The Kosovo Police Service School (KPSS) was founded in September 1999, with help from the UN Police Mission in Kosovo, and run by the Organization for Security and Co-Operation in Europe (OSCE) - specifically, by the Department of Police Education and Development (DPED). The European Commission, particularly the EULEX mission, has also provided support for training. The school was founded as part of a broader OSCE initiative, in order to rebuild civil capabilities and rule of law after Serb armed forces were withdrawn at the end of the Kosovo War. By 2006 the KPS was able to take over responsibility for major policing operations.

==Police training==
Training for police officers includes 20 weeks in the classroom and then 20 weeks of field training; at the end of the forty weeks, police officers are qualified and can work independently. Training emphasises the importance of human rights and fair policing in a democratic society. Additional courses were offered in specialist subjects including supervision and management, as well as recertification. A 4-week Criminal Investigation Course has been offered, for detectives, since 2001; and also a 4-week Traffic Accident Investigation Course.
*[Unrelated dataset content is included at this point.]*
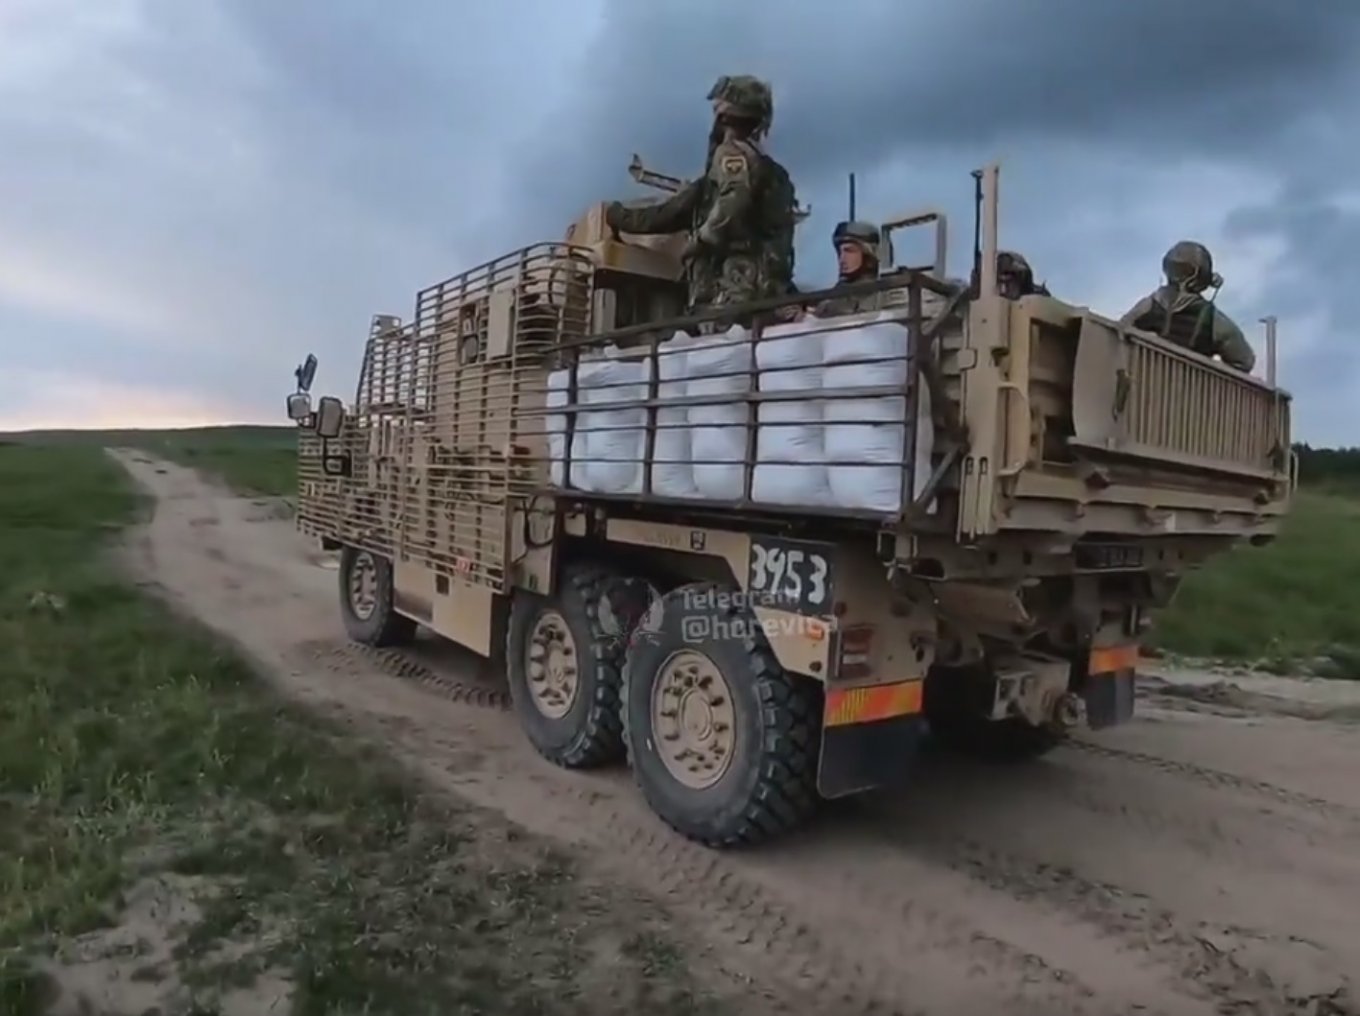 British Patrol Vehicles Wolfhound fixed on exercises in Ukraine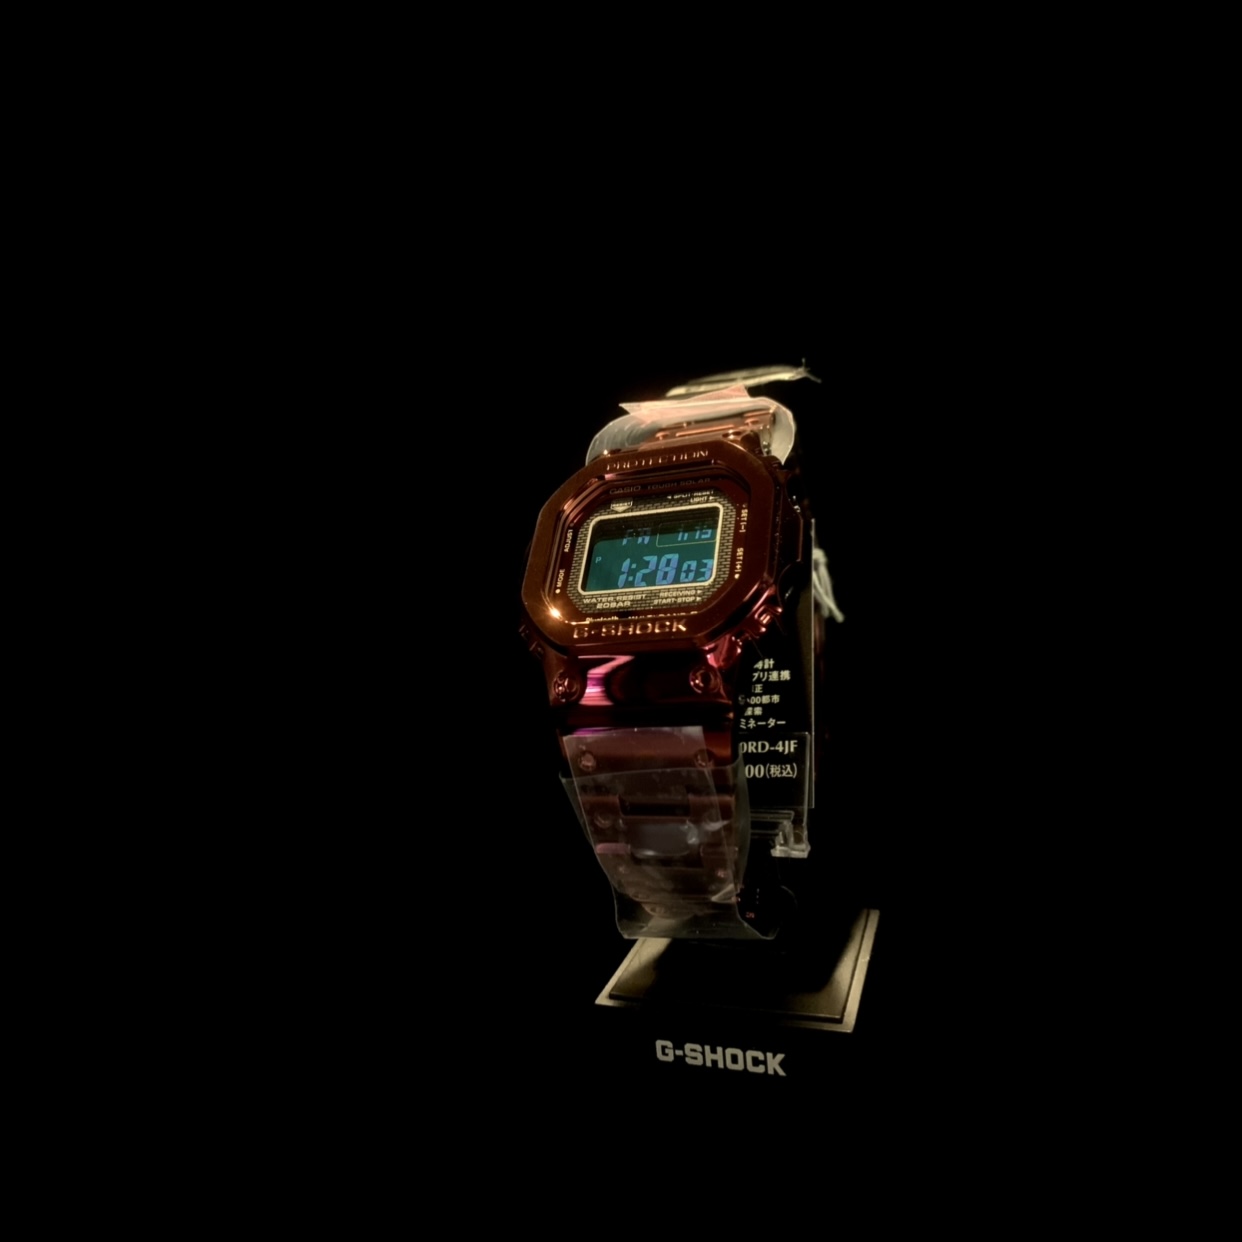 ジーショック G Shock Gmw B5000rd 4jf Wing 香林坊店 ブランド腕時計の正規販売店紹介サイトgressive グレッシブ

Additionally, since August 2001, trainer certification has been provided, so that the Kosovo Police service has its own qualified trainers.

==Police recruits==
Although OSCE trains police, the Kosovo Police Service is responsible for handling applications; applicants must be keen to work with people of different ethnicities, and committed to protecting human rights. Recruits include a reasonable proportion of women, Serbs, and other ethnic minorities.

Initial plans were for the KPSS to train 5700 police officers by December 2002. Between October 1999 and October 2004, 6953 police officers were trained at the KPSS.

==Transformation==
In 2006, the Kosovo Police Service School was transformed into the Kosovo Center for Public Security, Education and Development, with a broader mandate to provide public-security education - including the customs service, border police, fire service, and prison service. It is now an executive agency of the Ministry of Internal Affairs. General Erhard Bühler, the commander of KFOR, visited KCPSED in March 2011.

The KCPSED has made good progress, but it will take time to meet Western standards of policing, which are somewhat higher than prevailing standards of policing in the region. The KPS has become one of Kosovo's most trusted public institutions.